Indicator Focus: Buy/Sell Confidence Index

Options trading and short selling are great measures of sentiment. One indicator we have used is the CBOE Volatility Index (VIX). The VIX measures the willingness of traders to overpay for OEX put options relative to call options. Therefore, the higher the VIX, the more bearish the prevailing sentiment is.

Adding to our arsenal, we have crafted a tool called the Buy/Sell Confidence Index, which is an important part of our "Squeezeometer". When the Buy Confidence Index is high, sentiment as expressed by the VIX is excessively bearish. When the Sell Confidence Index is high, sentiment as expressed by the VIX is excessively bullish. The Buy/Sell Confidence Index can be calculated on an daily, weekly or monthly basis. In order to see how this indicator may be used as a decision making tool, we will examine the daily Buy/Sell Confidence Index.
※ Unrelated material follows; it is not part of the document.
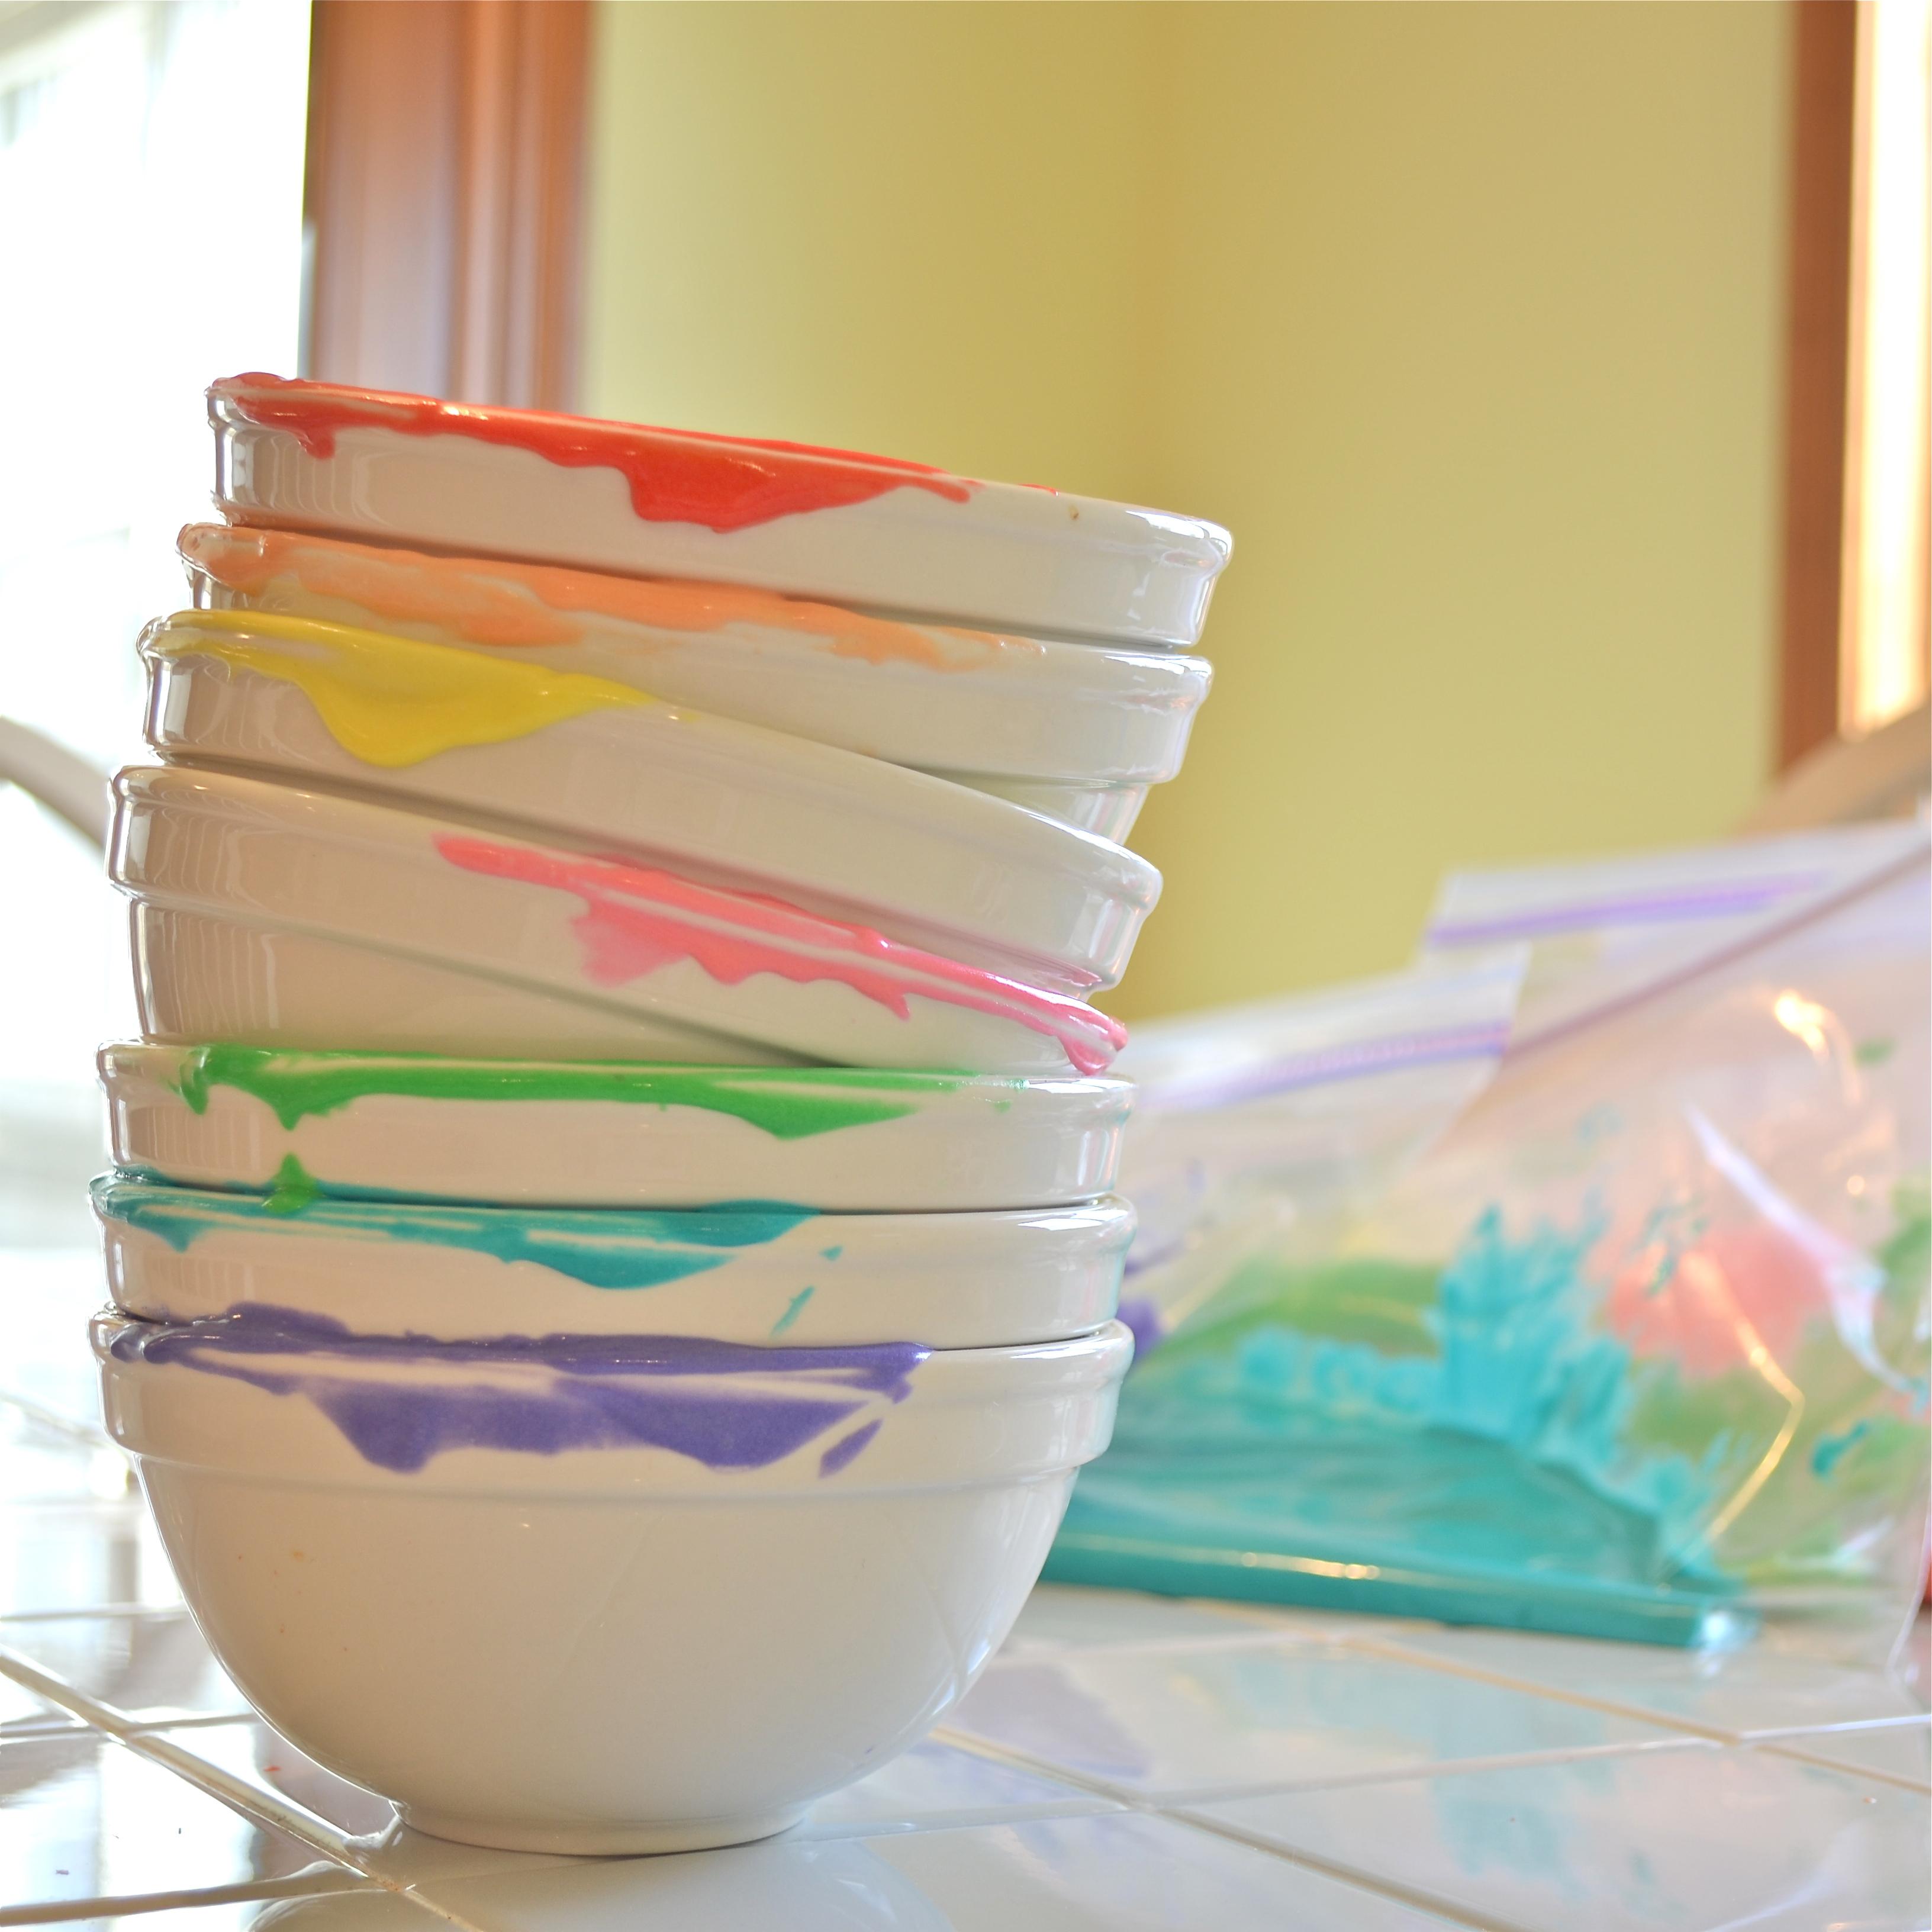 Rainbow dishes!
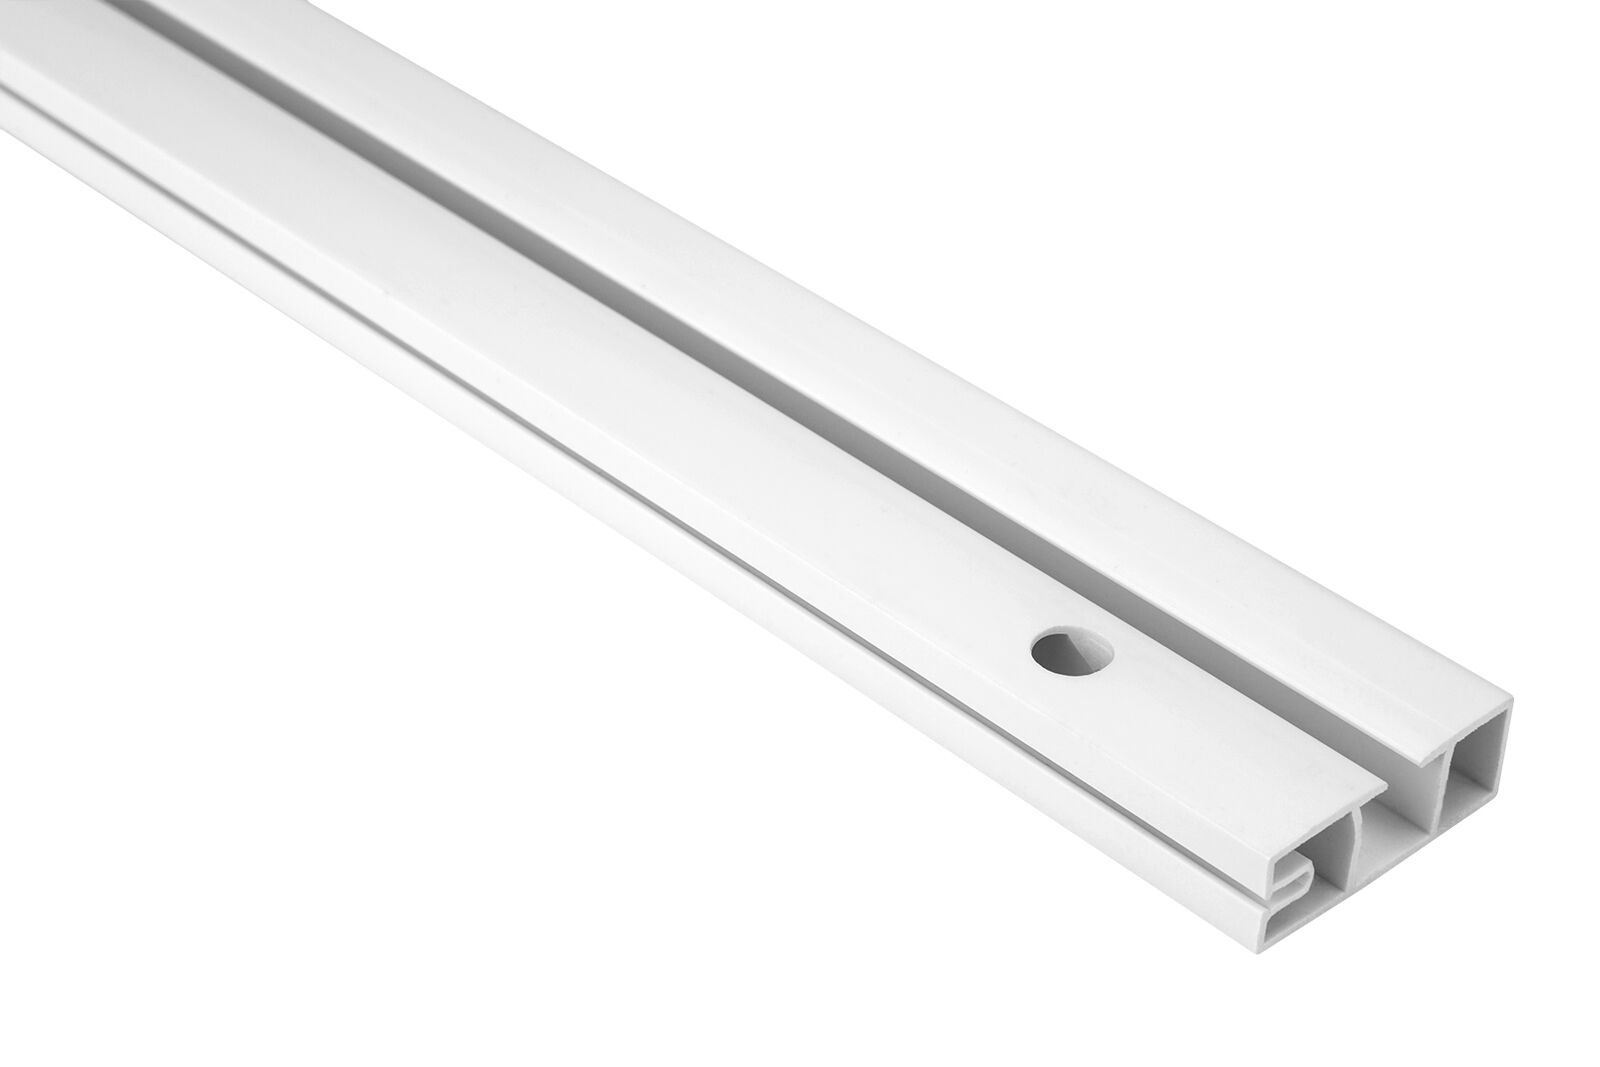 30 Metri 1-läufige PVC Binario per Tenda Tenda a Pannello Tavole per Tende, OM-1

In the example chart above, the daily Buy Confidence Index is down to 17%, a reflection of a recent rally that occurred. The “sell” confidence index rises as fear subsides. Generally, we are more confident about selling when the majority is bullish. The active cell in the daily column of the NASDAQ Squeezeometer above is row four – “rally in a downtrend.” Therefore, the number in the cell is 17 (the daily buy confidence you see in the above chart.) Because this is a low number, we would have less confidence in the buy nature of the active cell than otherwise.

In the Squeezeometer, the intermediate-term and long-term confidence indices are a reflection of the action of the VIX. The mega-term (monthly) confidence indices reflect the short selling of the underlying index component issues.